FIG. 6 is an optical micrograph showing an enlarged surface fine structure of a wiring metal layer of an aluminum nitride wiring board according to Comparative Example 1.

FIG. 7 is a scanning electron micrograph showing an enlarged cross-sectional structure of an internal wiring layer portion of an aluminum nitride wiring board according to Example 2 of the present invention.

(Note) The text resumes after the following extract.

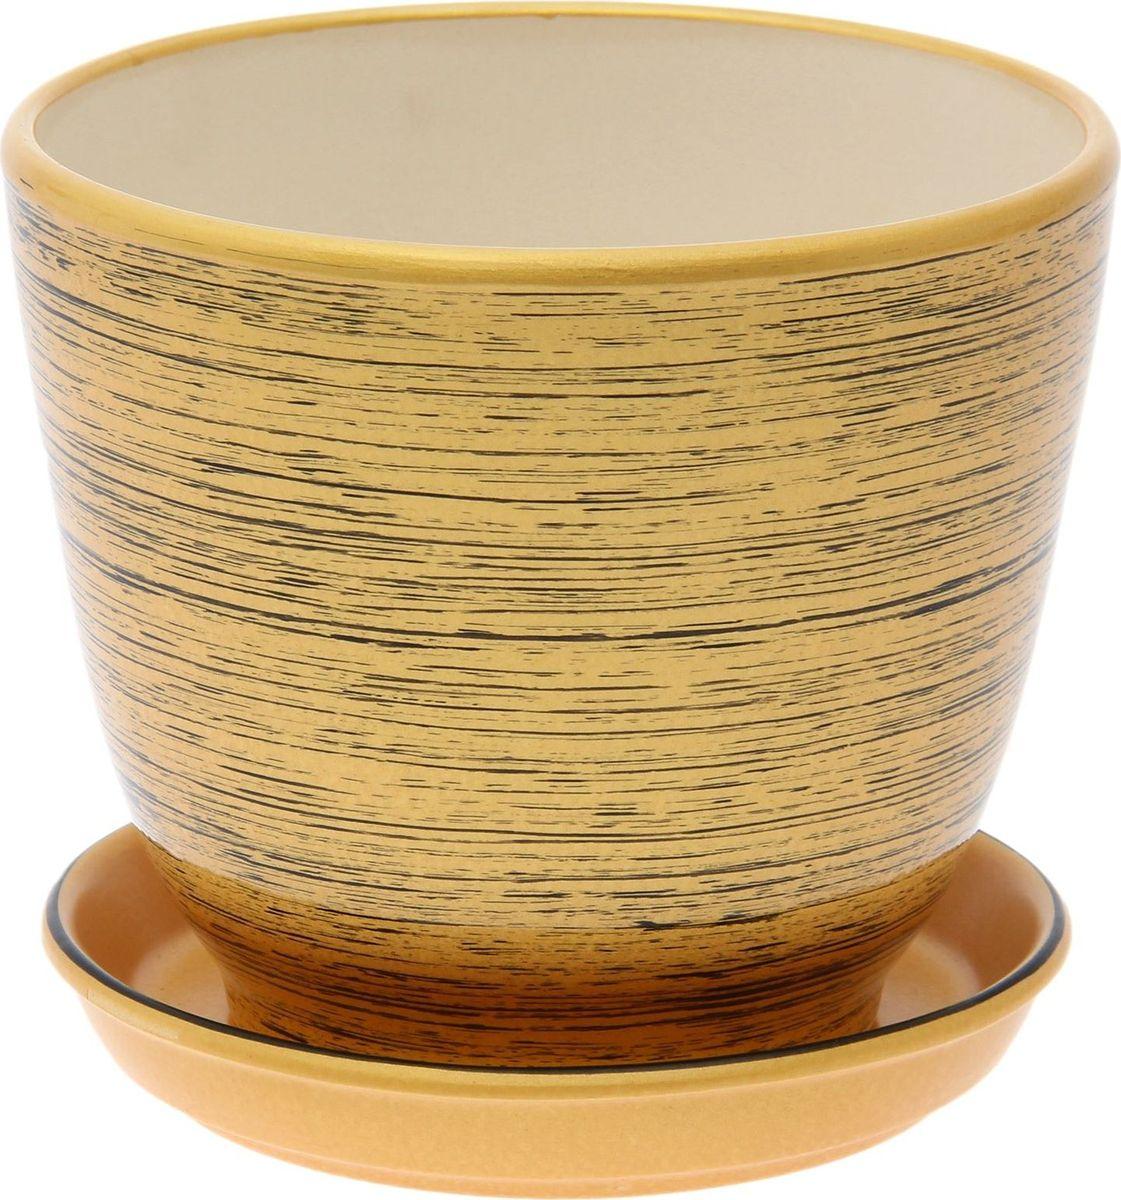 Кашпо Керамика ручной работы Кедр. Глянец, цвет: золотой, черный, 2,2 л1489691Комнатные растения — всеобщие любимцы. Они радуют глаз, насыщают помещение кислородом и украшают пространство. Каждому из них необходим свой удобный и красивый дом. Кашпо из керамики прекрасно подходят для высадки растений: за счет пластичности глины и разных способов обработки существует великое множество форм и дизайнов пористый материал позволяет испаряться лишней влаге воздух, необходимый для дыхания корней, проникает сквозь керамические стенки! позаботится о зеленом питомце, освежит интерьер и подчеркнет его стиль.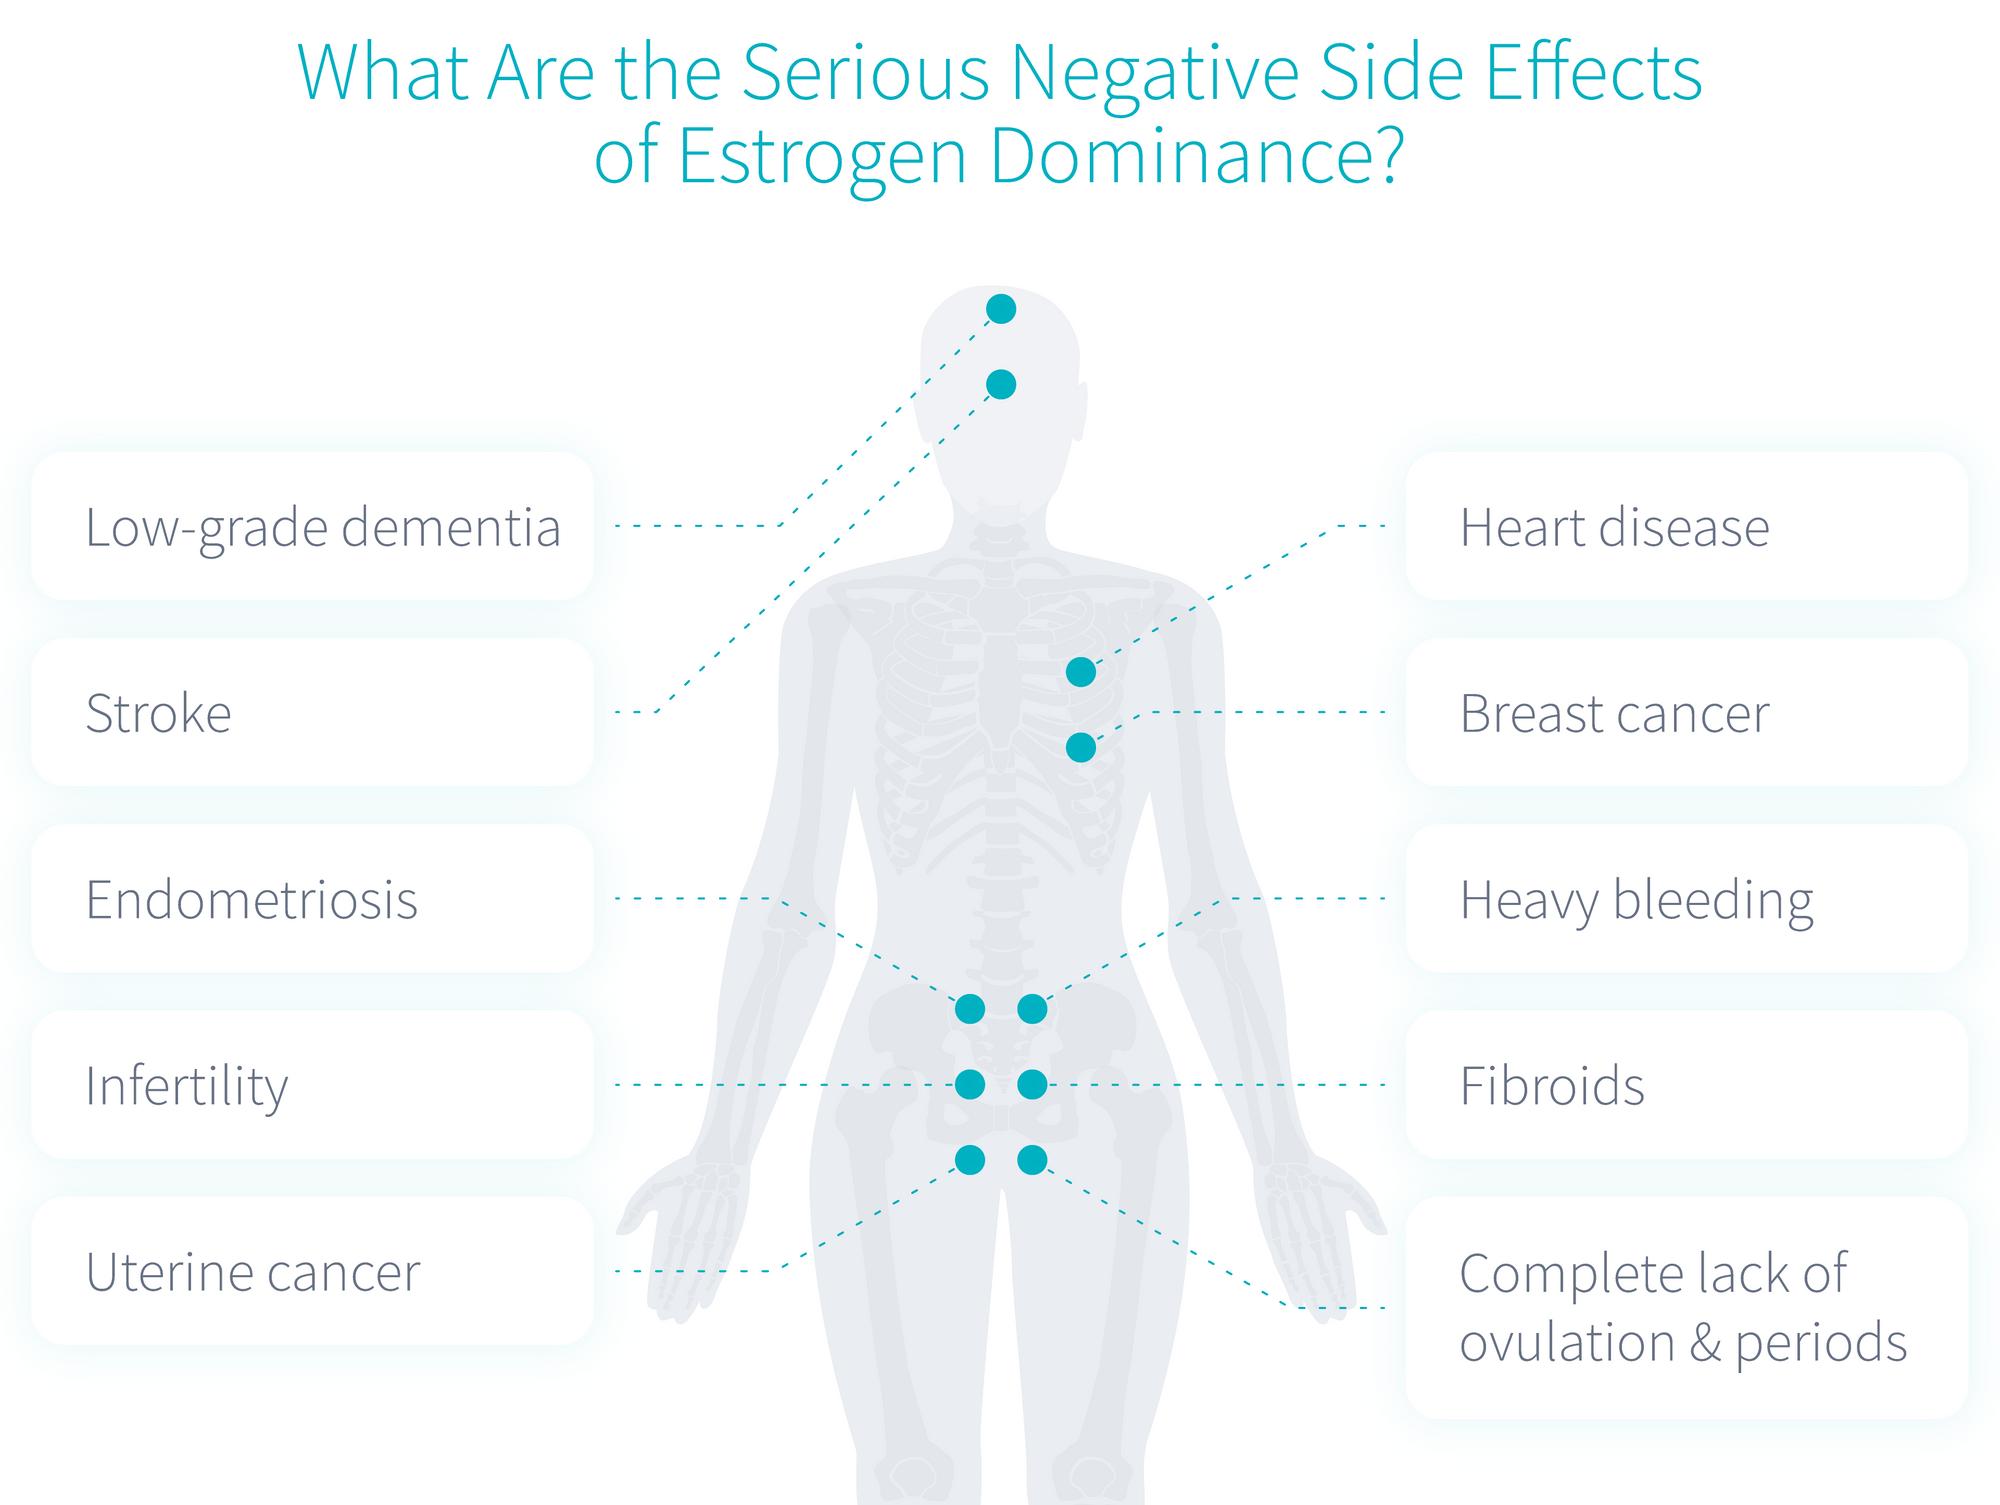 estrogen-negative-side-effects-of-estrogen-dominance-illustration-1

8 is a scanning electron micrograph showing an enlarged cross-sectional structure of an internal wiring layer portion of an aluminum nitride wiring board according to Comparative Example 2. FIG.

[Explanation of symbols]

 1 ... Aluminum nitride multilayer substrate 2 ... Aluminum nitride layer 3 ... Internal wiring metal layer 4 ... Aluminum nitride multilayer wiring substrate 5 ... Aluminum nitride substrate 6 ... Surface wiring metal layer 7 ... Aluminum nitride surface wiring substrate

Continuation of front page (51) Int.Cl. ⁶ Identification number Office reference number FI technical display area // H05K 3/12 B 7511-4E

Claims (8)

[Claims] 1. An aluminum nitride wiring board comprising: an aluminum nitride substrate; and a wiring metal layer provided on at least one of a surface and an inside of the aluminum nitride substrate and co-fired with the aluminum nitride substrate. The aluminum nitride wiring board, wherein the layer contains manganese in an amount of 2% by weight or less in addition to the metal mainly constituting the wiring metal layer. 2. An aluminum nitride wiring board comprising: an aluminum nitride substrate; and a wiring metal layer provided on at least one of a surface and an inside of the aluminum nitride substrate and having a porosity of 2% or less. 3. The aluminum nitride wiring board according to claim 2, wherein the constituent component of the wiring metal layer is made of a metal material that does not substantially contain an inorganic insulator. 4. The aluminum nitride wiring board according to claim 3, wherein the wiring metal layer is a baked metal layer co-fired with the aluminum nitride board. 5. The aluminum nitride wiring board according to claim 2, wherein the wiring metal layer contains manganese in an amount of 2% by weight or less. 6. A step of applying a wiring layer forming metal paste containing a wiring metal to a desired shape on an aluminum nitride green sheet and laminating one or more layers of the paste to produce an aluminum nitride molded body, A method of manufacturing an aluminum nitride wiring board, comprising a step of firing an aluminum nitride molded body to simultaneously sinter an aluminum nitride base material and the wiring metal, wherein the aluminum nitride green sheet and the wiring layer forming metal paste are provided. At least one manganese component selected from manganese and manganese compounds is added to at least one of the above. 7. The method for manufacturing an aluminum nitride wiring board according to claim 6, wherein the manganese component reacts with the wiring metal in the firing step to form a trace amount of a composite containing at least the wiring metal and manganese. A method for manufacturing an aluminum nitride wiring board, wherein a body is formed in the wiring metal. 8. The method for manufacturing an aluminum nitride wiring board according to claim 6, wherein a metal material containing tungsten as a main component is used as the wiring metal, and a manganese compound is used as the manganese component. Wiring board manufacturing method.